Due to the COVID-19 pandemic, Kelcey Christensen, founder and president of 307 Meat Company, has had to deal with some challenges in order to continue providing meat products.

“The problem was, we opened right as COVID hit,” Christensen said in an interview. “We are still encountering a lot of challenges with COVID-19 to the standpoint of we couldn’t get supplies.”

Some suppliers weren’t willing to supply the company with basic items such as gloves, hair nets and packaging material because they were too new and didn’t have a solid relationship yet.

Christensen says that their suppliers put other companies first, which he clarified was understandable from a business standpoint. The lack of materials to properly work with and distribute products was one of the tougher challenges the company faced for nearly over a month.

Outside of business challenges, Christensen said that the state didn’t place any regulations on the company that weren’t out of the ordinary from anyone else. He says that they have to follow social distancing rules and workers must be masked.

Extra sanitization was also implemented by the state, but Christensen says that they already met that level of cleaning beforehand. Everything the company works with is cleaned and sanitized several times a day, so they haven’t changed much of what they were doing.

As a new brand in the area, 307 Meat Company has had great community support. Christensen says their customers enjoy having more local meats available and having more choices than local grocery stores. Customers finding the company has been the only major problem.   

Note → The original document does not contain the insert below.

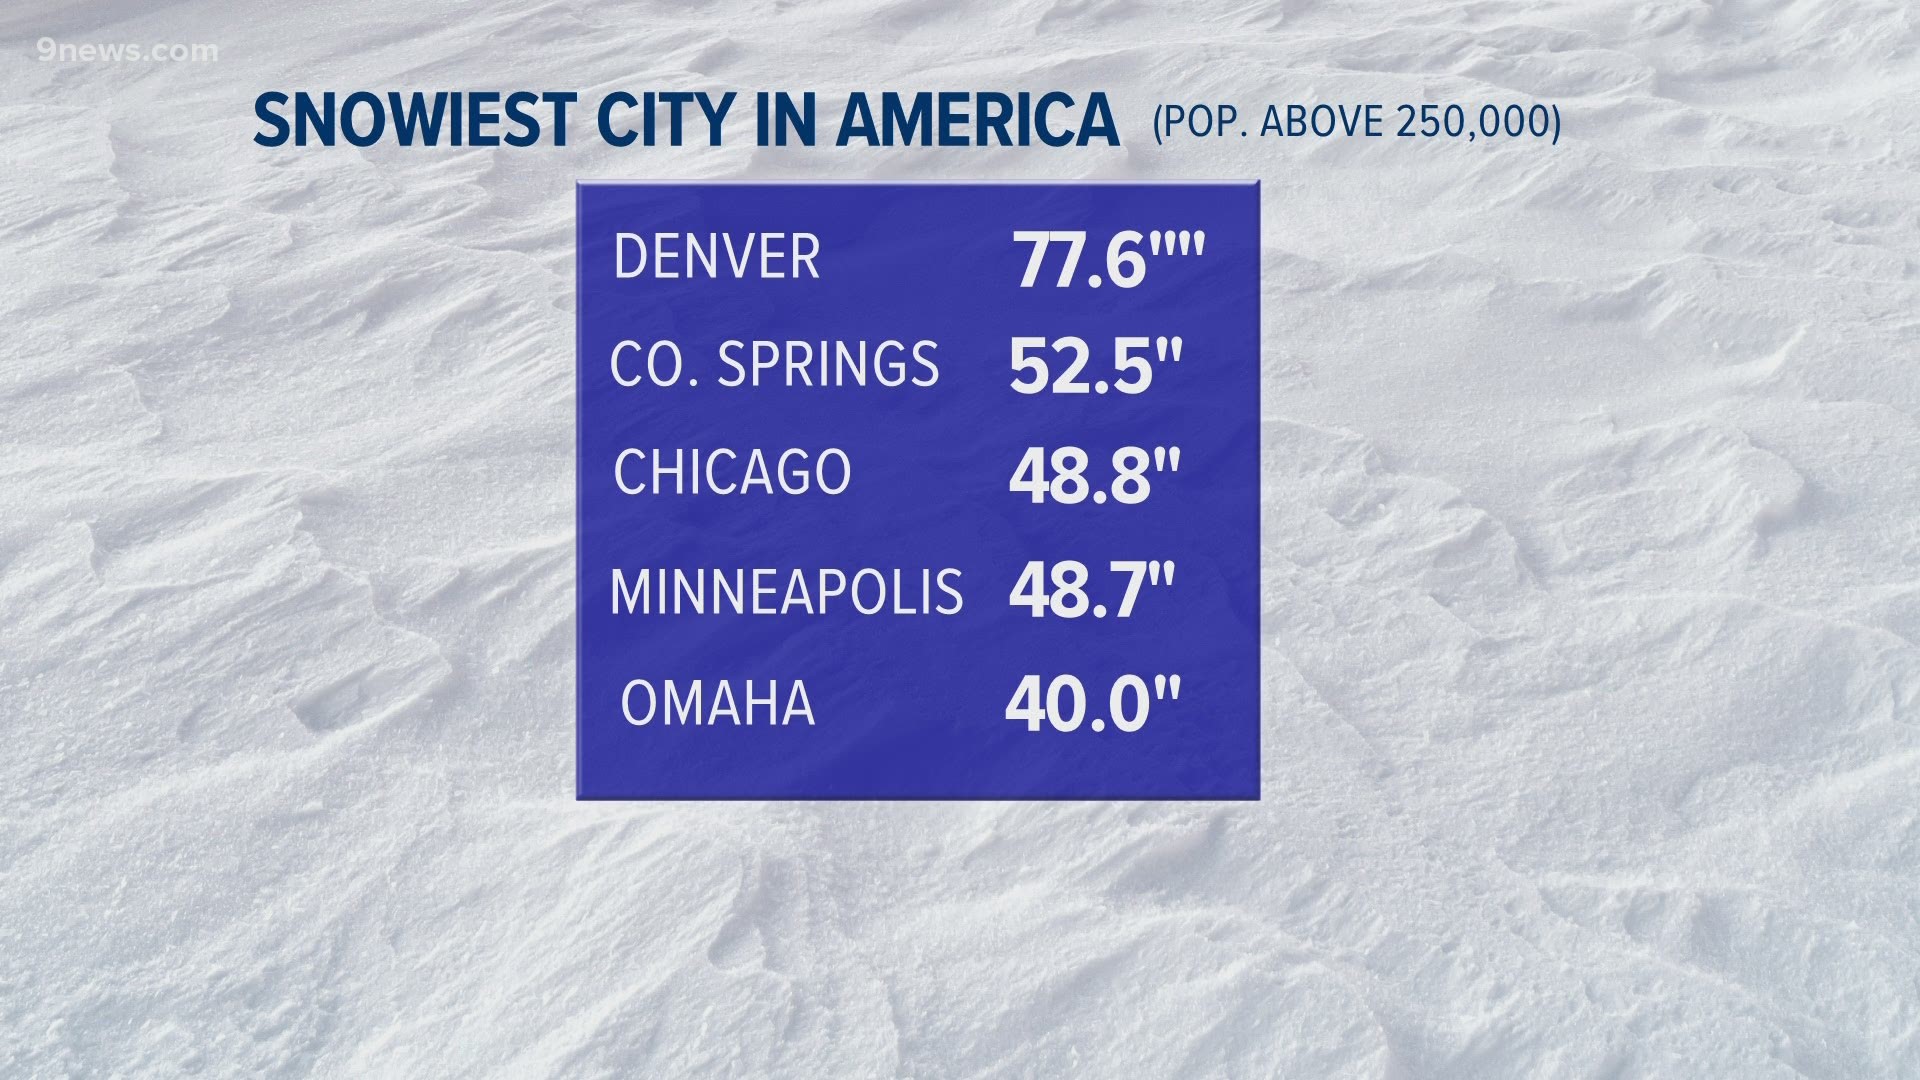 We could also take the title of snowiest large city in America.

“Some people have a hard time finding us since it’s a new development and it’s not on Google Maps yet,” Christensen said. “They all end up at the weigh station instead of the next turn, about a quarter mile south.”

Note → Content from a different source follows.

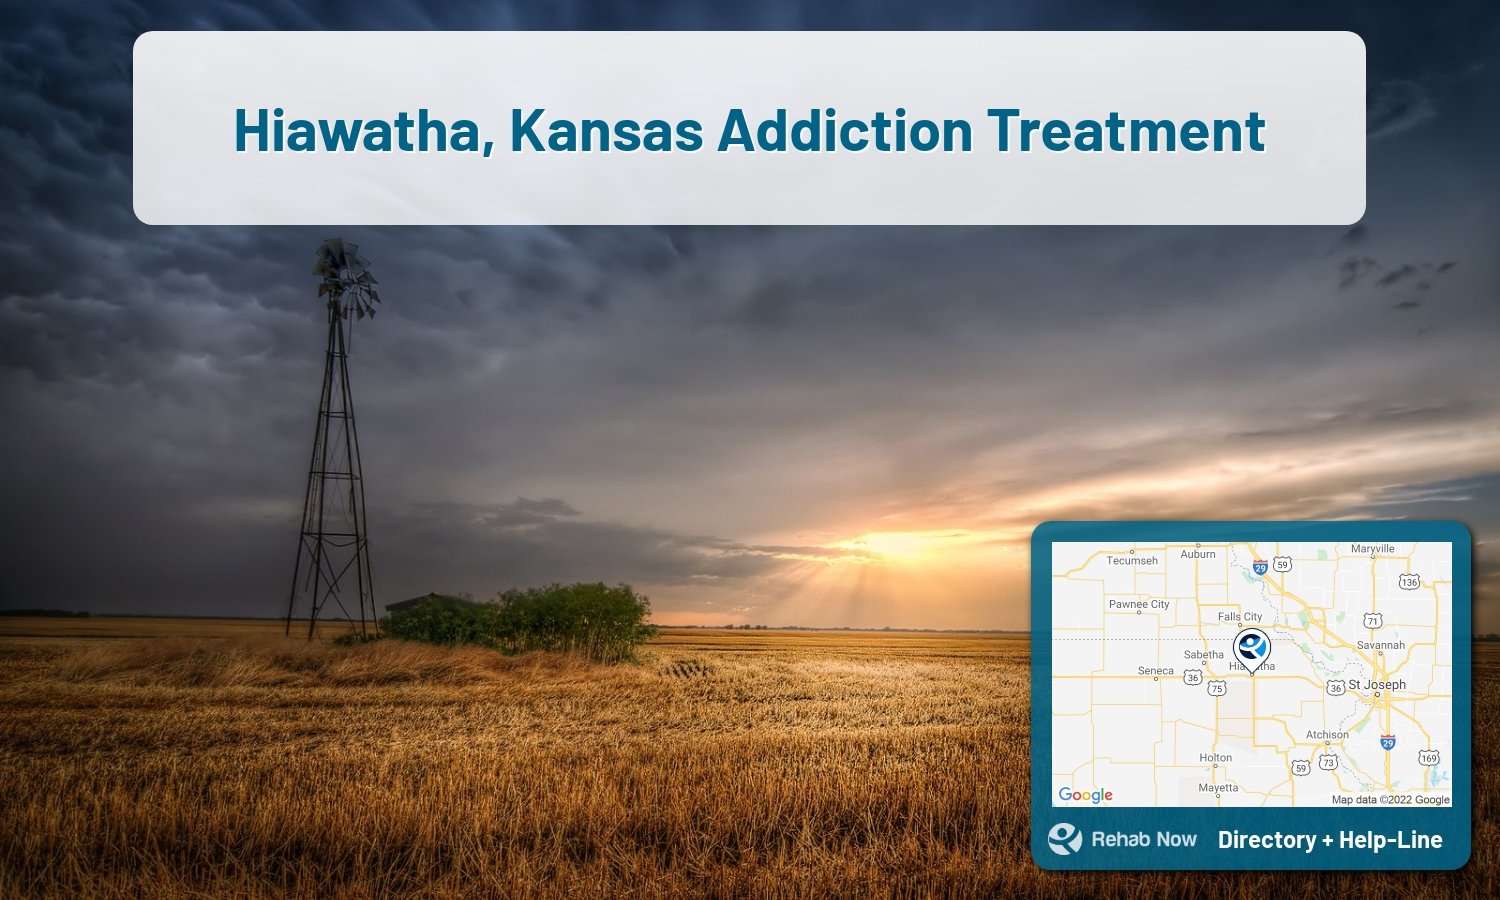 Find drug rehab and alcohol treatment services in Hiawatha. Our experts help you find a center in Hiawatha, Kansas

One of the more nationwide challenges that has passed over the company has been meat shortages. Since 307 Meat Company is still a small business, they haven’t had to close their doors.

Christensen explained that the meat shortage is certainly a thing around the country but is only happening because large businesses like Tyson must close their product facilities due to high numbers of staff.

While 307 Meat Company only has a few employees working, social distancing is easier meaning they can stay open and keep product moving through. Large brands can’t maintain that with thousands in one facility.

“When you shut down a facility in Greeley or Fort Morgan, harvesting 6,000 to 6,500 heads of cattle a day and you shut them down, that’s a lot of meat that’s not being produced,” Christensen explained.

Since the company is still open and producing products, they are still making money and helping the community, specifically selling to local restaurants. They don’t sell their meat to any grocery stores in Laramie, instead they sell meat from their own facility.

All the meat that comes through the company is Wyoming raised, nothing from outside the region. Christensen takes pride in selling local meat instead of bringing it up from Texas or other major meat suppliers.

“On the beef side we work with four different producers,” Christensen explained. “On the pork side, we work with one producer.”

Regarding the seafood that the company sells, they get it from a larger business who only works with smaller fishing vessels around the country. The fish can be tracked to individual vessels so there is little room for a middleman.  

This means that the fish is caught by a small owned company, sold to the producer who then sells to 307 Meat Company directly.

The company has gotten proficient at processing their meats so that customers can buy products sooner. Christensen says that beef “is a two-week process” while pork takes much less time with a “seven day turn around.”

The seafood the 307 Meat Company provides has a short timetable, taking 48 to 72 hours to be caught and shipped to the company’s facility. COVID-19 has made this more challenging as fishermen aren’t out as often but the company hasn’t been held up too much.

Even though 307 Meat Company has faced some serious trials from COVID-19, Christensen says that they intend on continuing what they’re doing.